* [Task details] Your job is to print, exactly, the lines in the data below from the line with "Steel tridents against" through the line with "iHome instruction manual", both included, and to omit any picture.

* [Source records]
__________
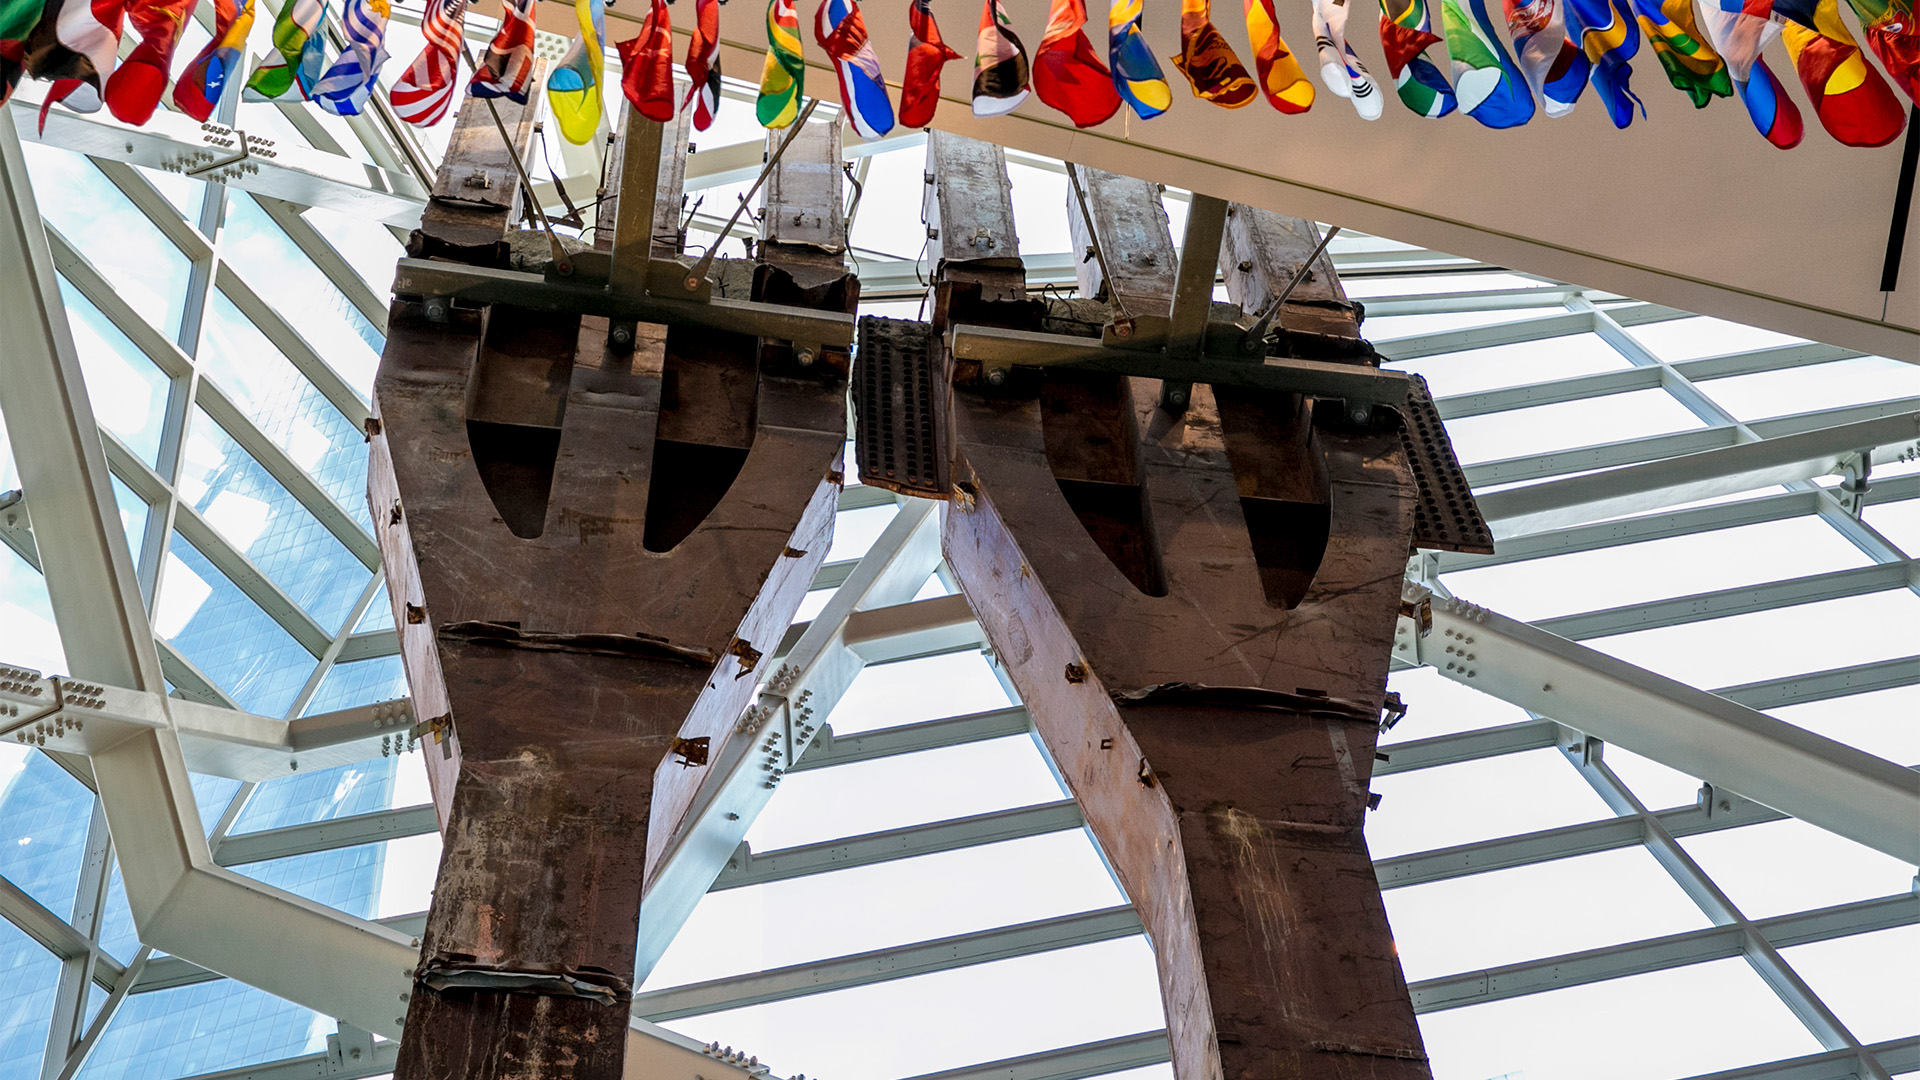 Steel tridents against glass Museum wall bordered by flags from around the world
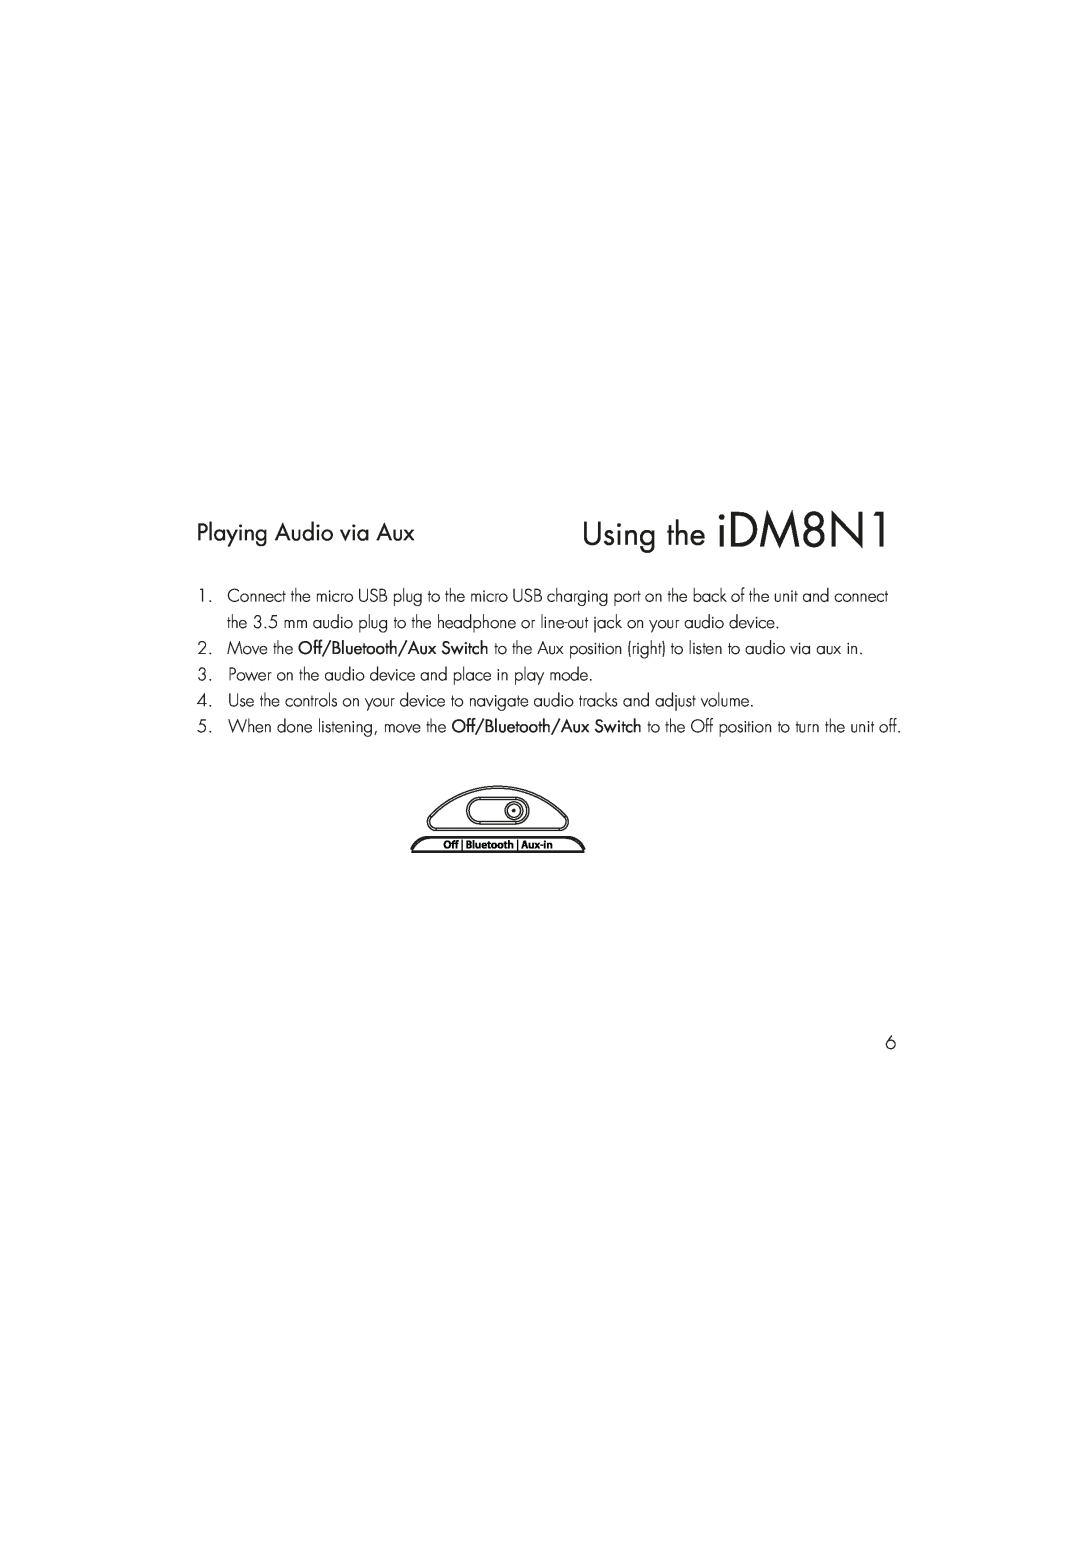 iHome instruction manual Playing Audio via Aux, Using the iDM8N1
__________
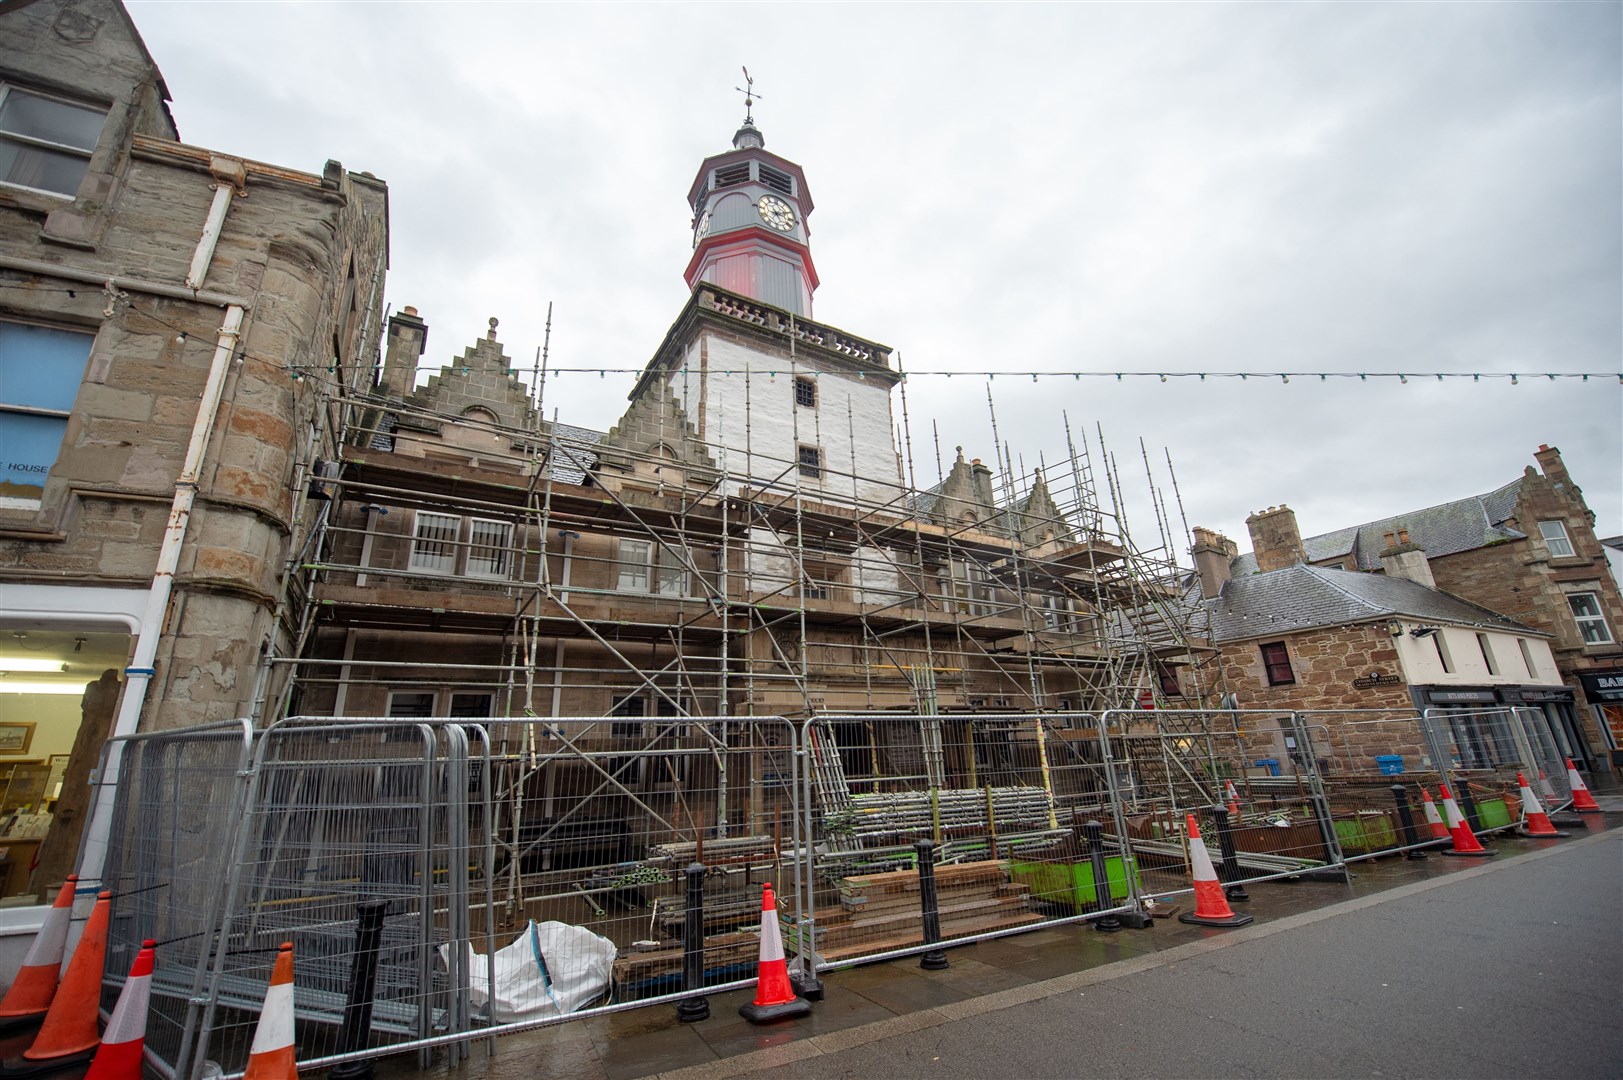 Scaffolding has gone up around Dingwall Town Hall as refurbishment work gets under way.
__________
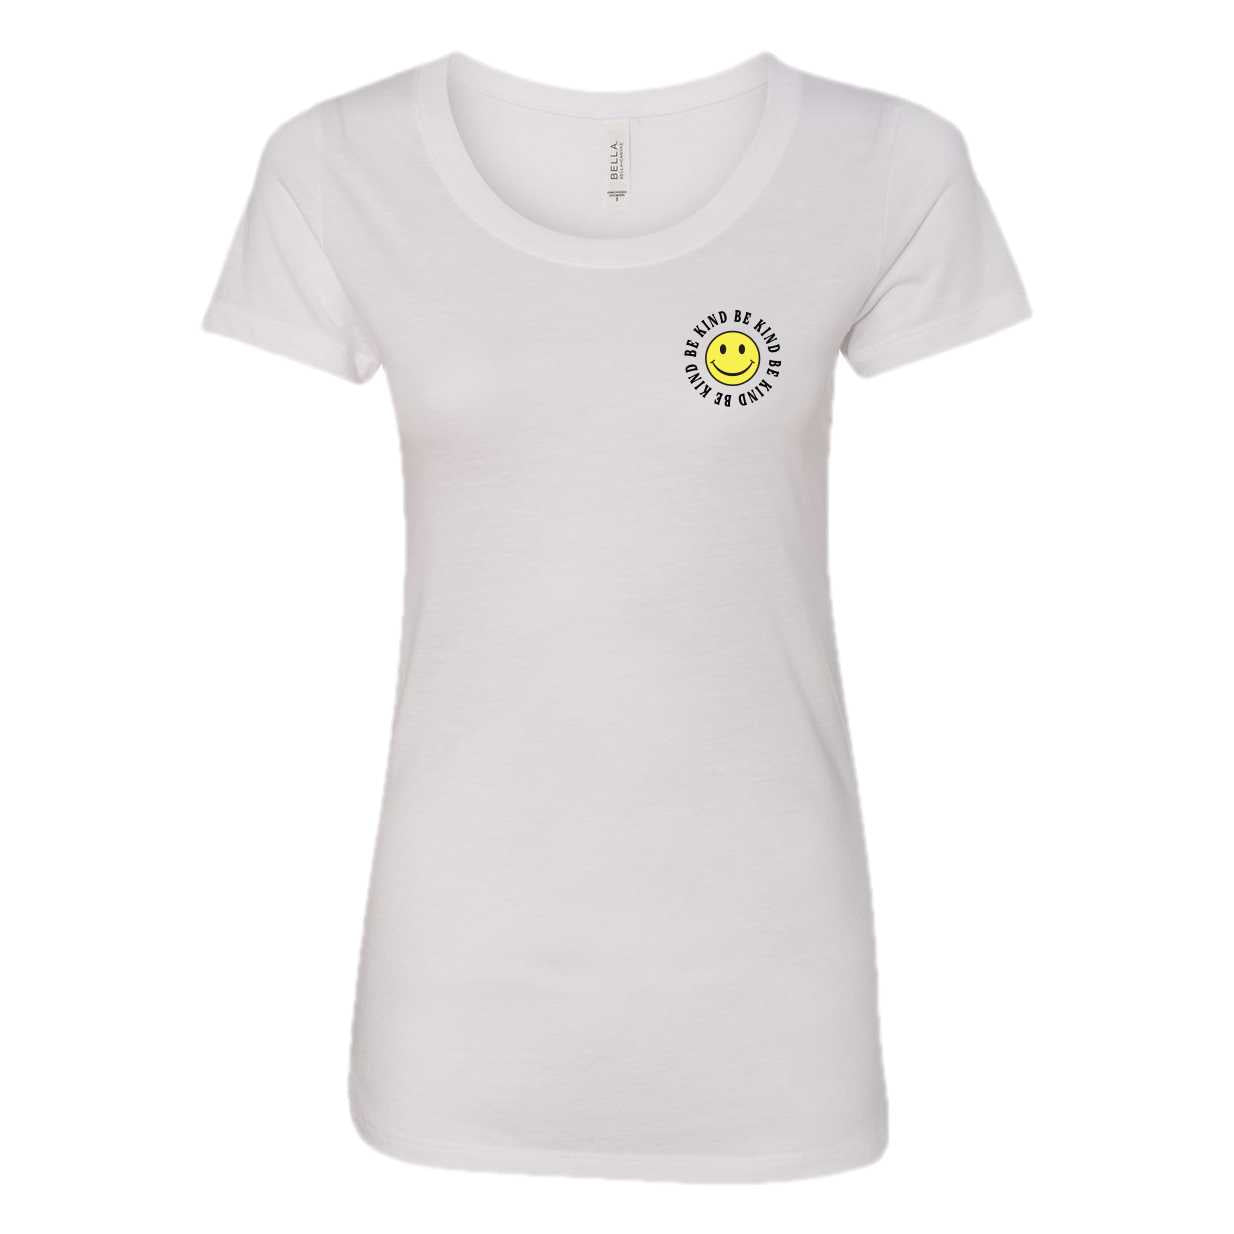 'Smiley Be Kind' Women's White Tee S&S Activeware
__________
* [Solution for this problem]
 Steel tridents against glass Museum wall bordered by flags from around the world
 iHome instruction manual Playing Audio via Aux, Using the iDM8N1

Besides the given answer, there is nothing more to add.